Bias and variance with data collection-

Human behavior is biased when it results in an erroneous  judgement due to incomplete experience, lack of context or instinctive response. Most behavioral biases carry negative connotations but mostly, avoidable. Human judgement is a big factor in generating training data and quality perception of ML systems, which makes them susceptible for biased output. Couple challenges in this context worth keeping in mind to with data collection  – 

  1. Data – Training data with inappropriate distribution which is not reflective of  the real world will train a biased model. One way to think of bias is how far the model predictions are from the real world. A biased model will fail to represent the irregularities OR patterns in the data accurately or will over index on some than others. For e.g.  a biased image retrieval model will rank an image higher that resembles data densities in data.
  2. Model sensitivity – A good model needs to generalize well beyond its training data. If model predictions are too scattered or the model is too sensitive to noise in data, we have a high variance model. In other words, it’s  over fitting. 

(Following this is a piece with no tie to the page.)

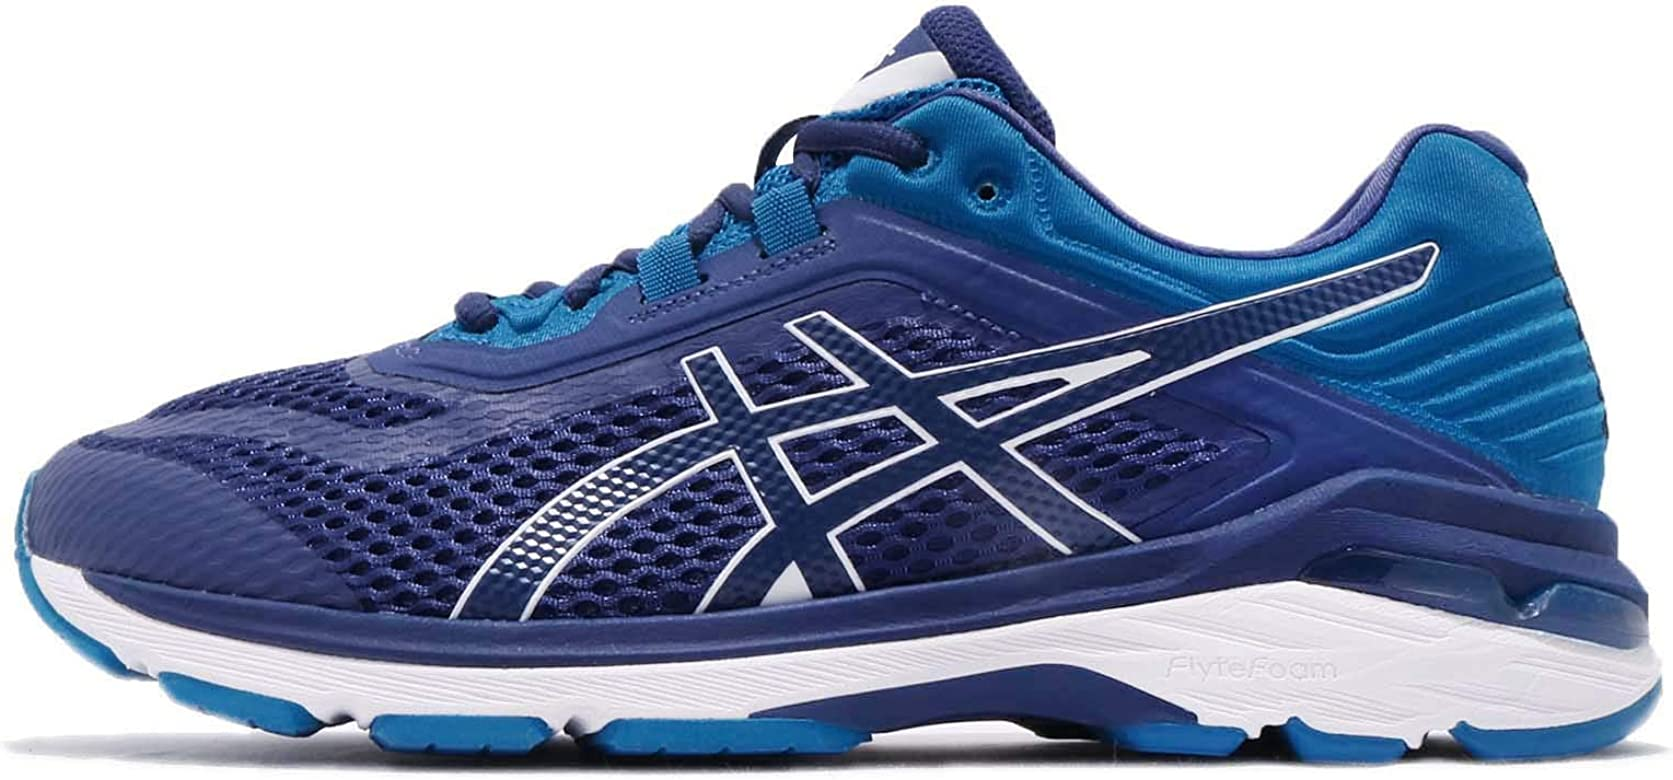 Asics GT-2000 6 Zapatillas para Correr (2E Width) - AW18-46: Amazon.es: Zapatos y complementos

There are a variety of techniques to overcome these problems and this paper covers some of them beautifully. 

Cost of data collection and annotation

Data (collection) cost is a function of  2 factors a) Availability of data (producers) and b) annotation complexity.

Data collection:

  • For e.g. Getting enough data for rare and remote languages is challenging and expensive. 
  • If we employ collection strategy through product experience, fewer initial users will yield less data. This is typical cold start problem 

Annotation complexity and associated costs: There are 2 primary factors in play here are- 

  • Time taken to label one sample (most annotators are paid hourly) 
  • Desired accuracy of annotation – mostly achieved by increasing human consensus.

Researchers and data scientists employ a variety of techniques to optimize cost and accuracy with multiple pilots. A good human interactivity tasks(HIT) design is one of the core skill that not only improves data quality but can also help reduce cost 

Data shelf life considerations-

Accuracy and validity are both vital for data to be used for model training. Not all accurate data is valid. Spatial nature of data in different domains imposes a different big challenge. E.g. stock market behavior data. Conversation topical data is contextual, cultural and trendy. Meta point here is – the world is always changing, human interaction and standards are always evolving. Predicting something from data which is no longer a representation of current reality will yield sub-optimal output. ML features end up being a dead weight in product are by product of lack of continuous learning of some sort. 

I hope this post highlighted some different perspectives to the data collection methodologies.